DATASET EXCERPT:
•••••

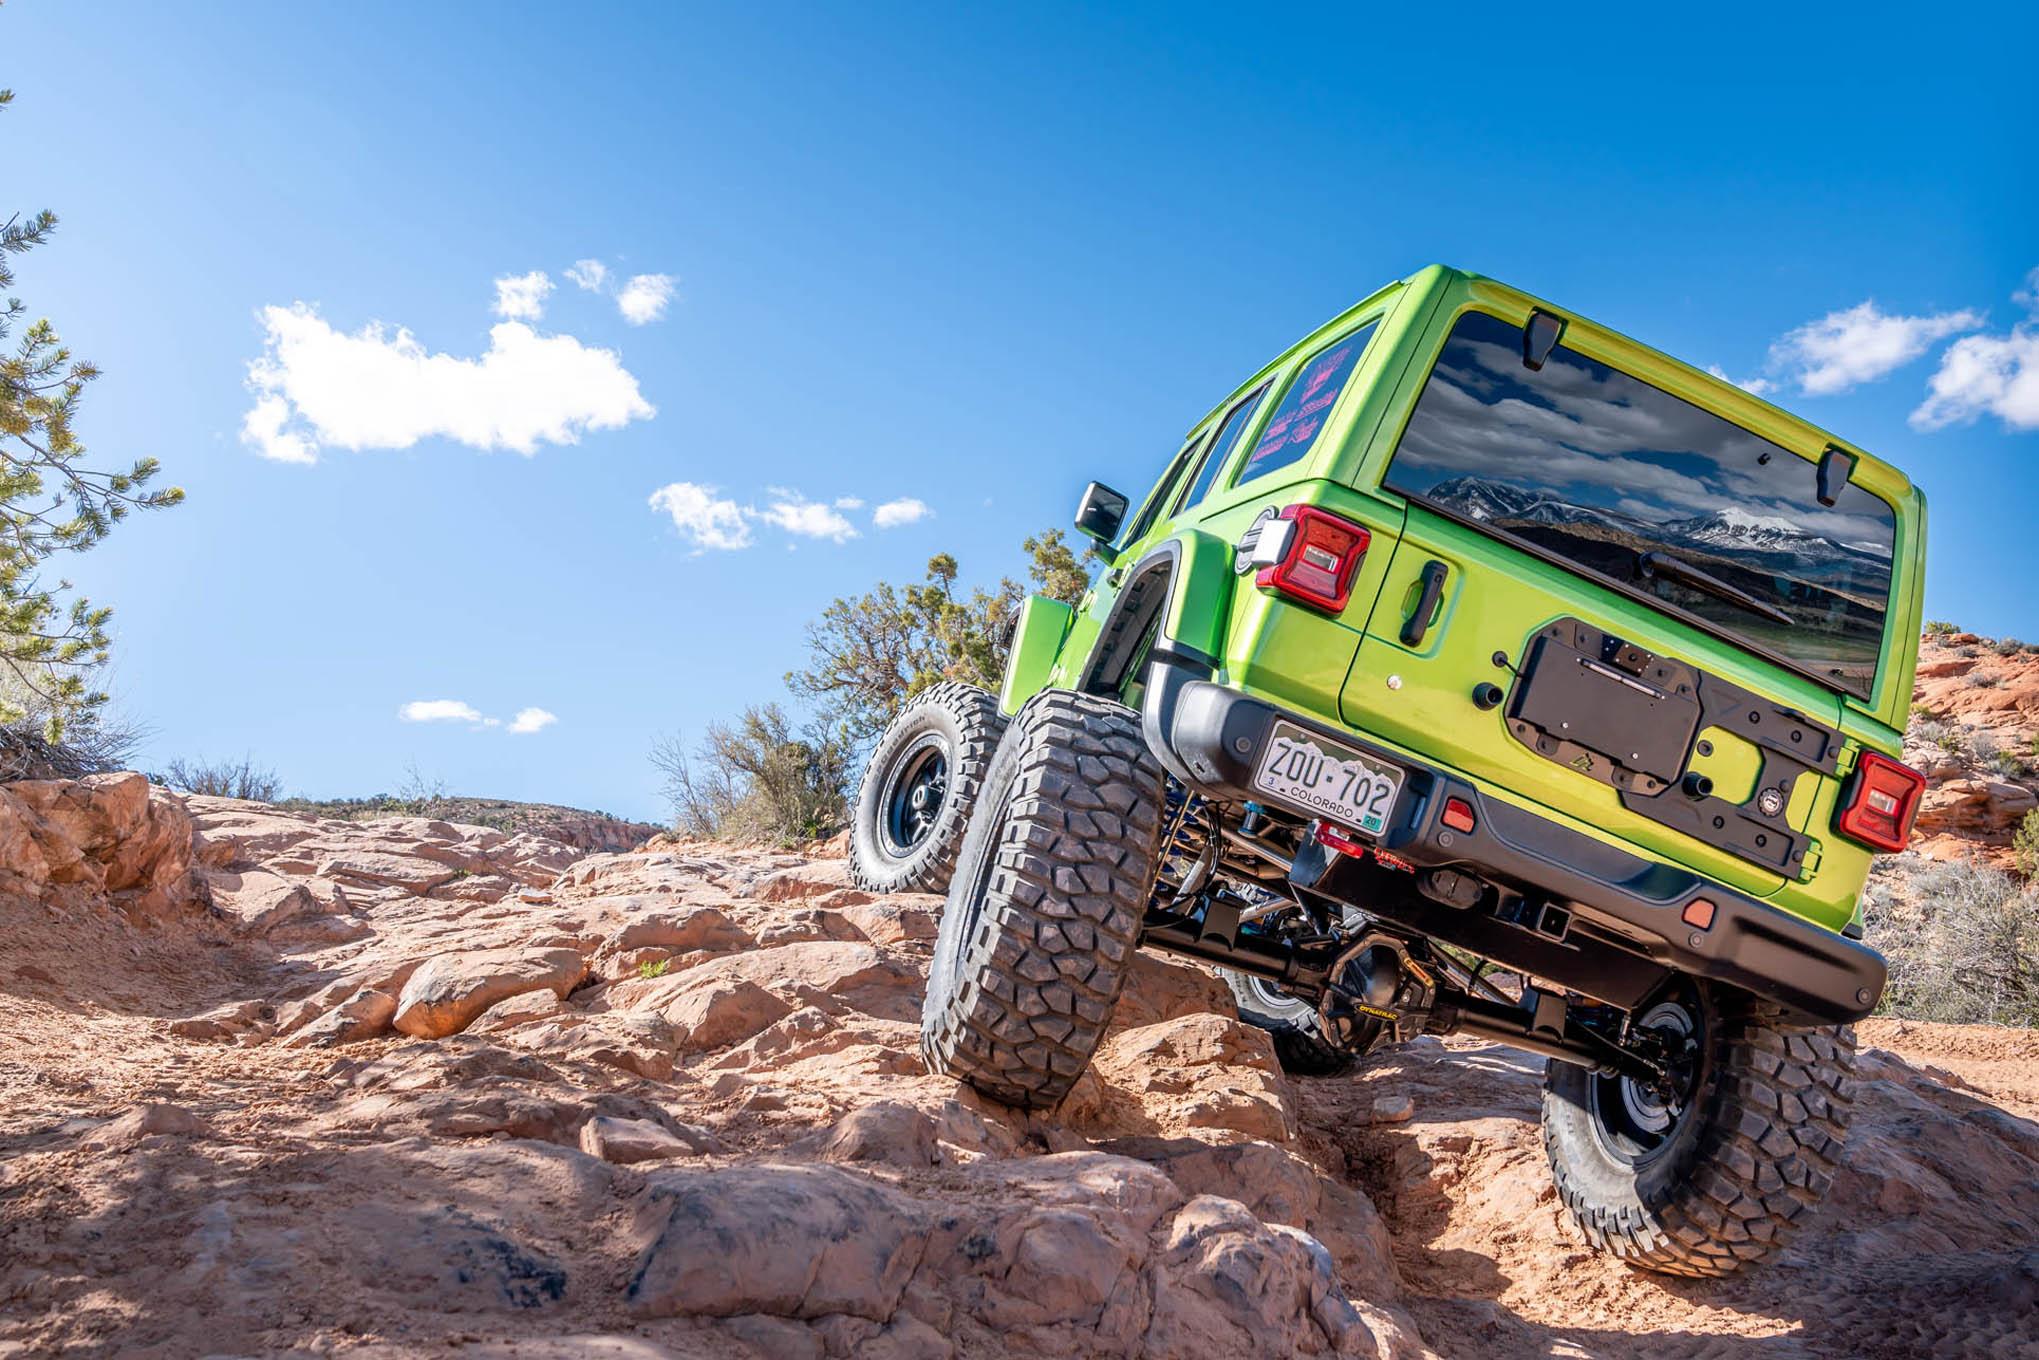 0018 2018 jeep wrangler unlimited rubicon dynatrac prorock 42 dixie 4 wheel drive
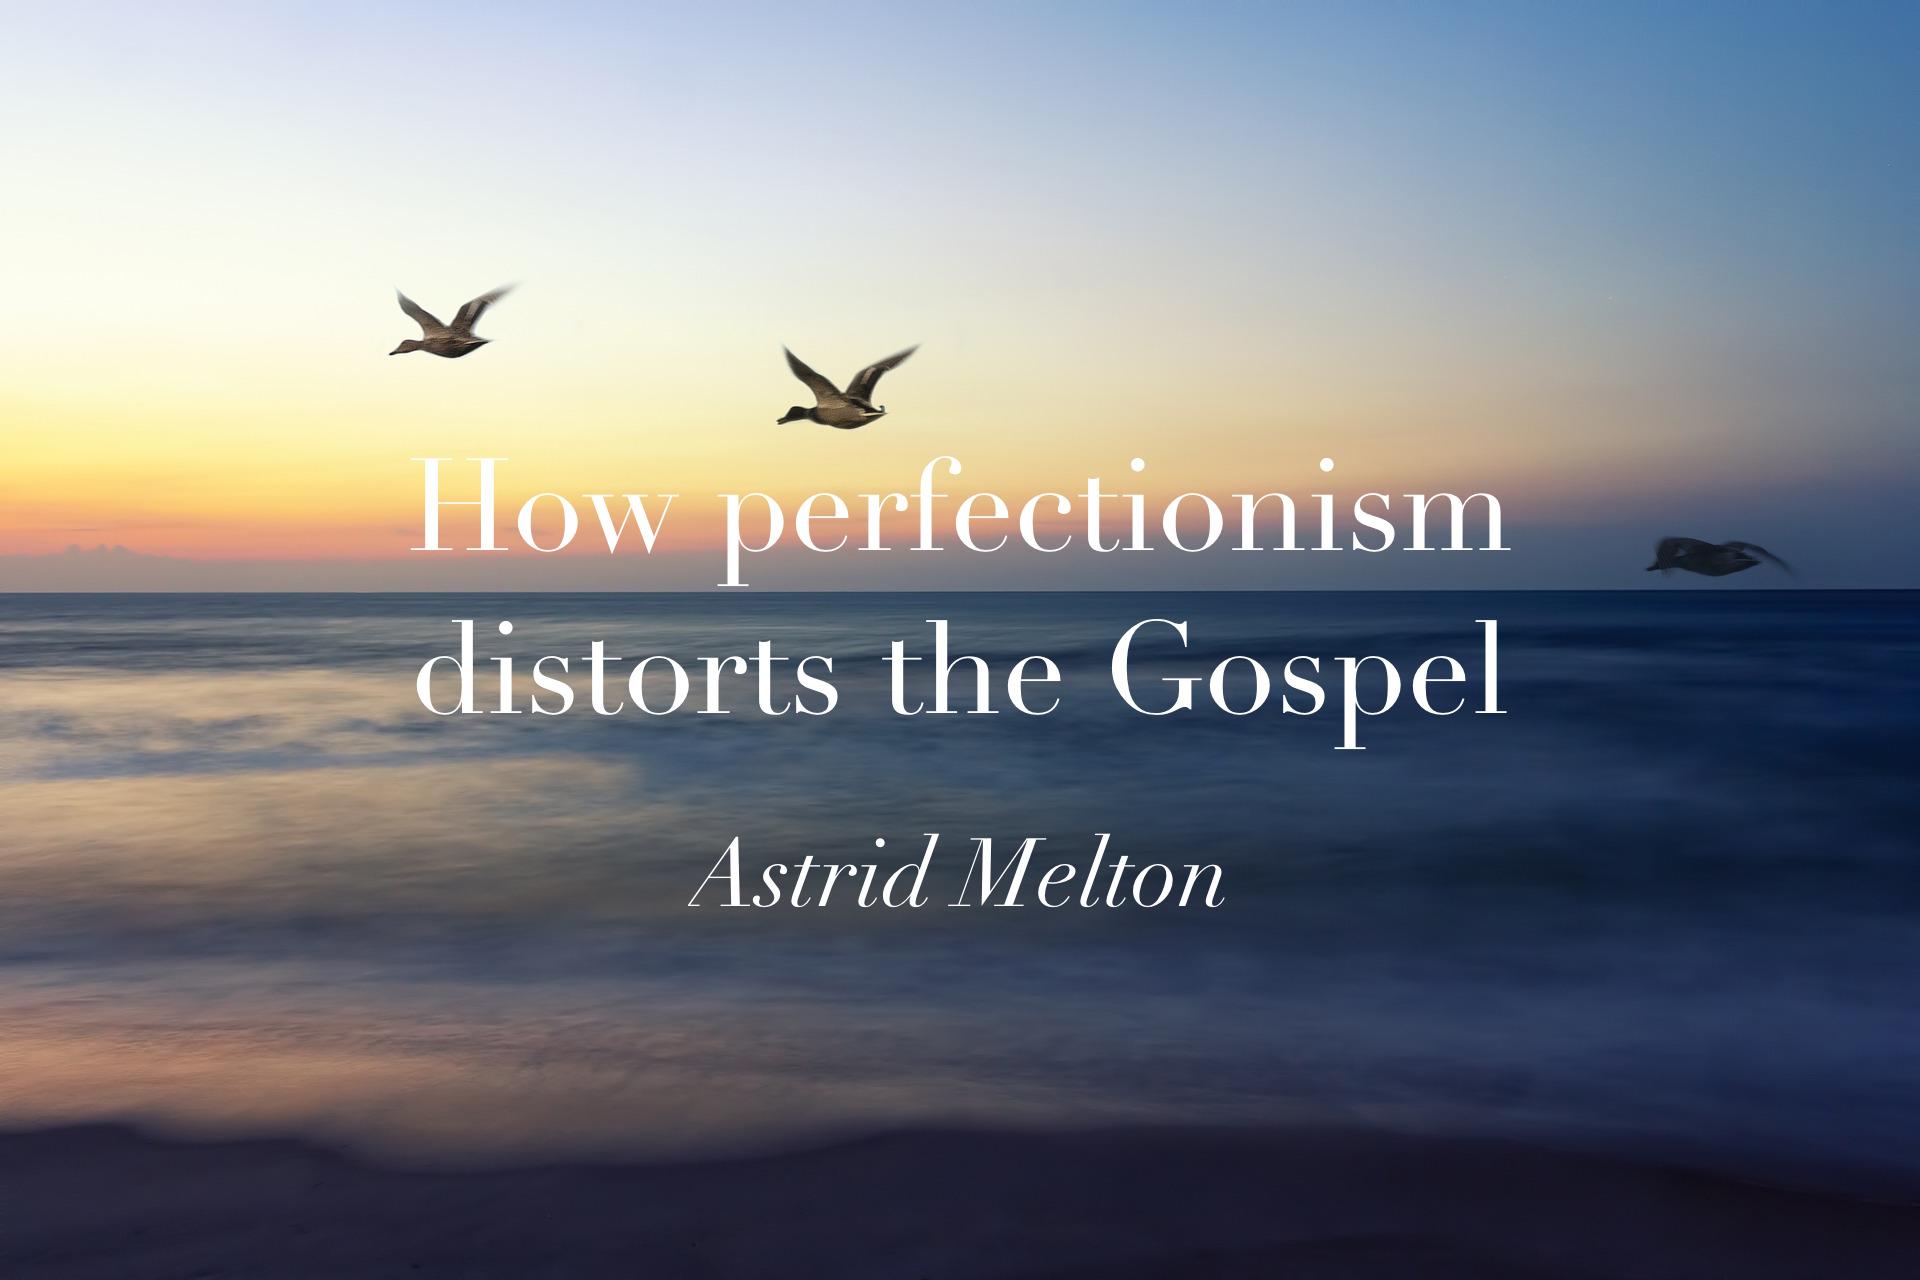 Astrid Melton post
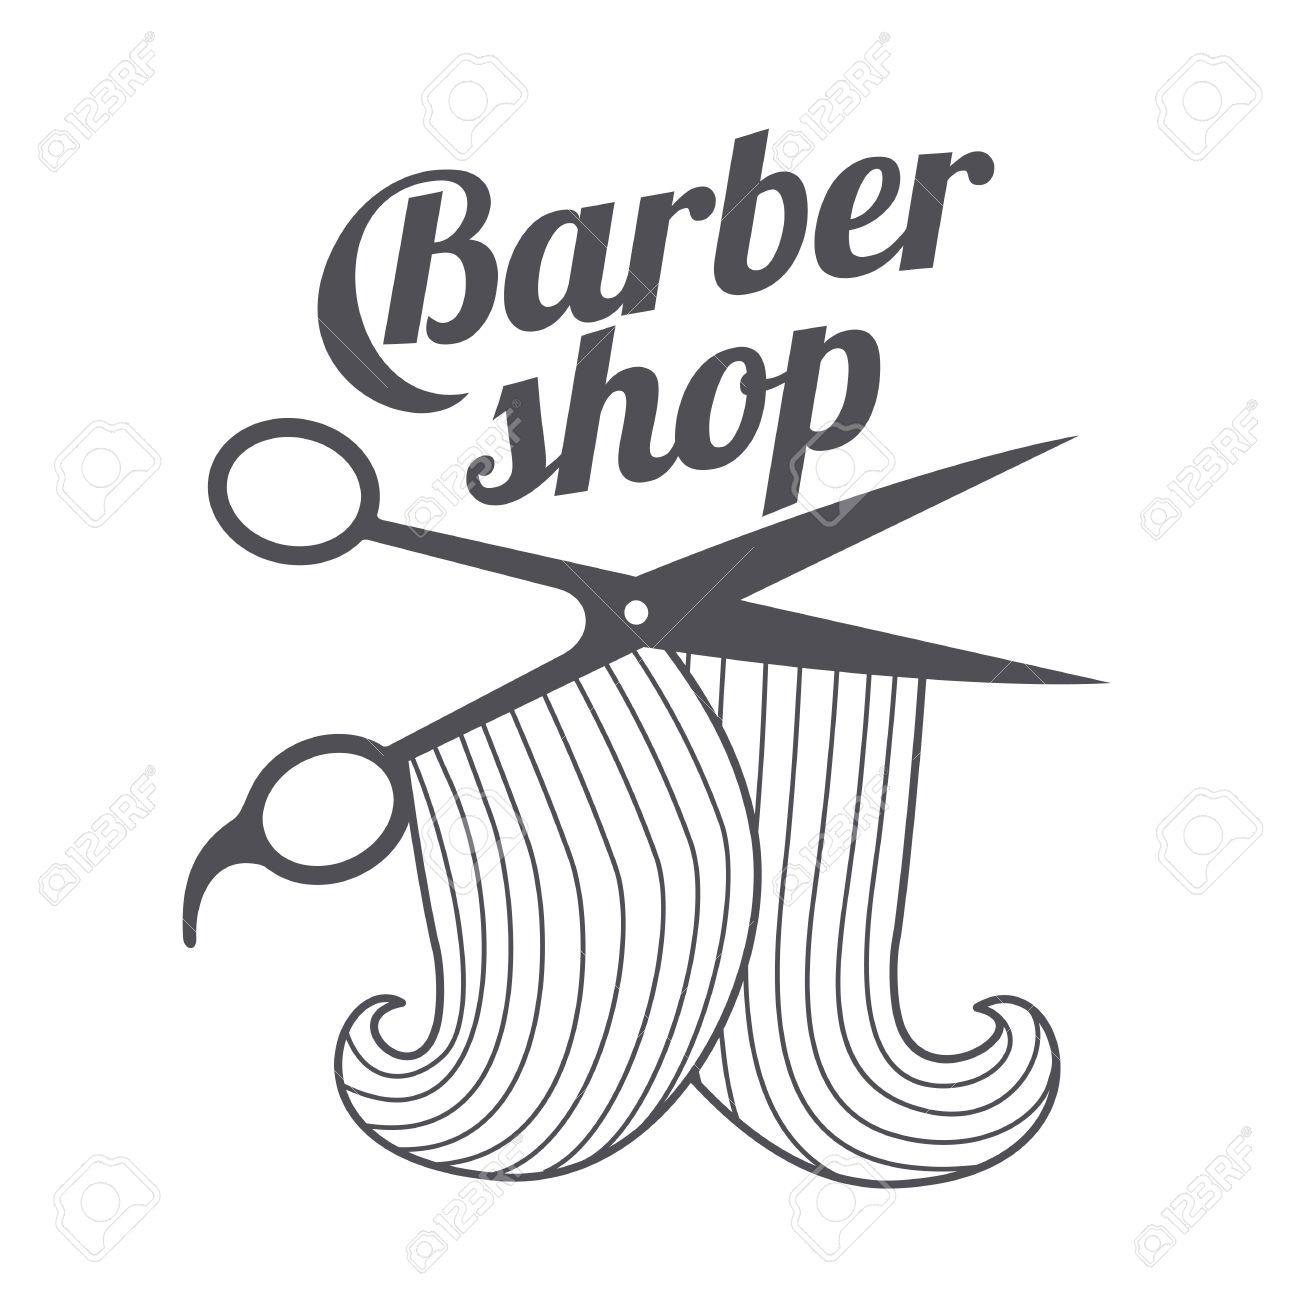 Barber shop logo templates. Hair, beard, razor, scissors, comb.

•••••

PROBLEM:
Leaving the pictures out, print every line of the listing exactly.

SOLUTION TO THIS PROBLEM:
 0018 2018 jeep wrangler unlimited rubicon dynatrac prorock 42 dixie 4 wheel drive
 Astrid Melton post
 Barber shop logo templates. Hair, beard, razor, scissors, comb.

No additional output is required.